На обратном пути, в овраге, лихой ямщик по традиции вывалил молодых в пушистый снег «на счастье», чем доставил всем немалое удовольствие. Но в замерзшем, обледенелом доме мы уже не задерживались. Последний взгляд на гигантские дубы, вековые стражи нашего милого гнезда, и мы уже снова мчимся усыпанными серебристым снегом и озаренными полной луною полями и косогорами, колыбелью нашего детства.
Не так ли под венцом, под серебристой фатой, милые черты знакомого лица приобретают новую прелесть и остаются навеки памятью неописуемой красоты!
Но который уже раз я изображаю статиста на чужих свадьбах! Не пора ли и самому переходить на первые роли?
В Нарве мы едва поспели на поезд. Все было битком набито, но добродушный кондуктор отомкнул нам двери купе, где находилась только одна персона — молоденькая барышня, возвращавшаяся в Петербург из коротенькой прогулки и комфортабельно расположившаяся на одном из нижних сидений.
Наша веселая компания сочла долгом представиться ей по всей форме с церемонной вежливостью гасконских рыцарей Сирано де Бержерака. Начал Зейферт, как принадлежащий к высшему государственному учреждению и эксперт официального красноречия.

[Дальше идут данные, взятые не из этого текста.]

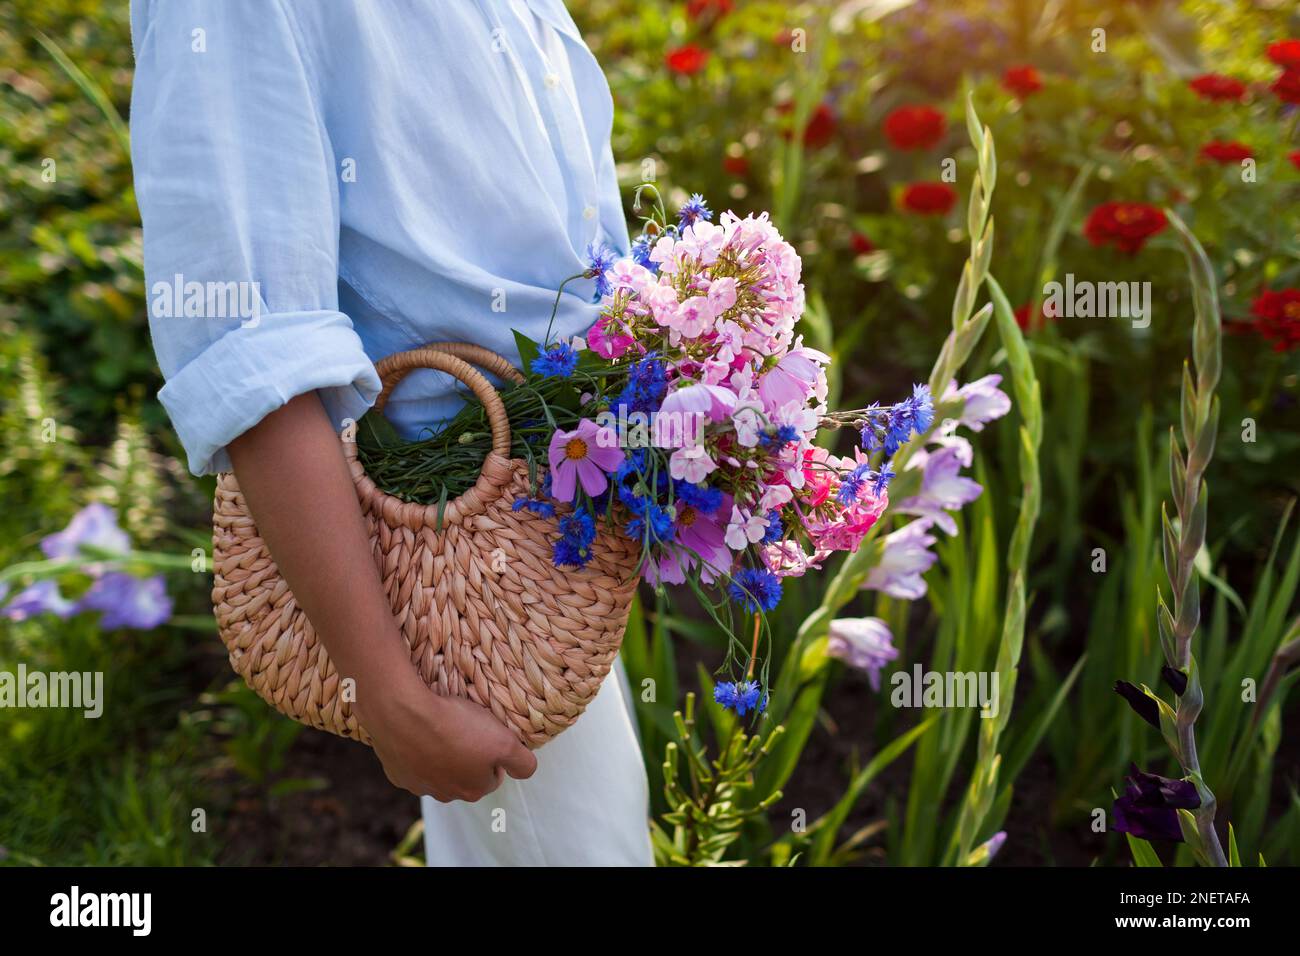 Primo piano del sacchetto di paglia riempito con fiori blu e rosa. Donna in possesso di borsa estiva con bouquet di fiori. Accessori femminili alla moda Foto Stock

— Милостивая государыня, мы просим вашего прощения за прерванные нами сновидения, порхающие над вашим изголовьем, которые… которые…
Барышня вскочила и с испугом смотрела на говорившего, который никак не мог справиться с комком, застрявшим у него в горле.
— Постой, Зейферт, ты сперва откашляйся, — проговорил доктор, — видите ли, милая барышня, мы только что приехали сюда из-за тридевять земель, со свадьбы брата этого юноши, который торчит на пороге…
— Я уже вижу, что вы приехали со свадьбы, — серьезно заметила барышня. — Думаю, что вы лучше всего сделаете, если поскорее устроитесь на отдых.
— Вот именно, вот именно… Но вопрос в том, как и где.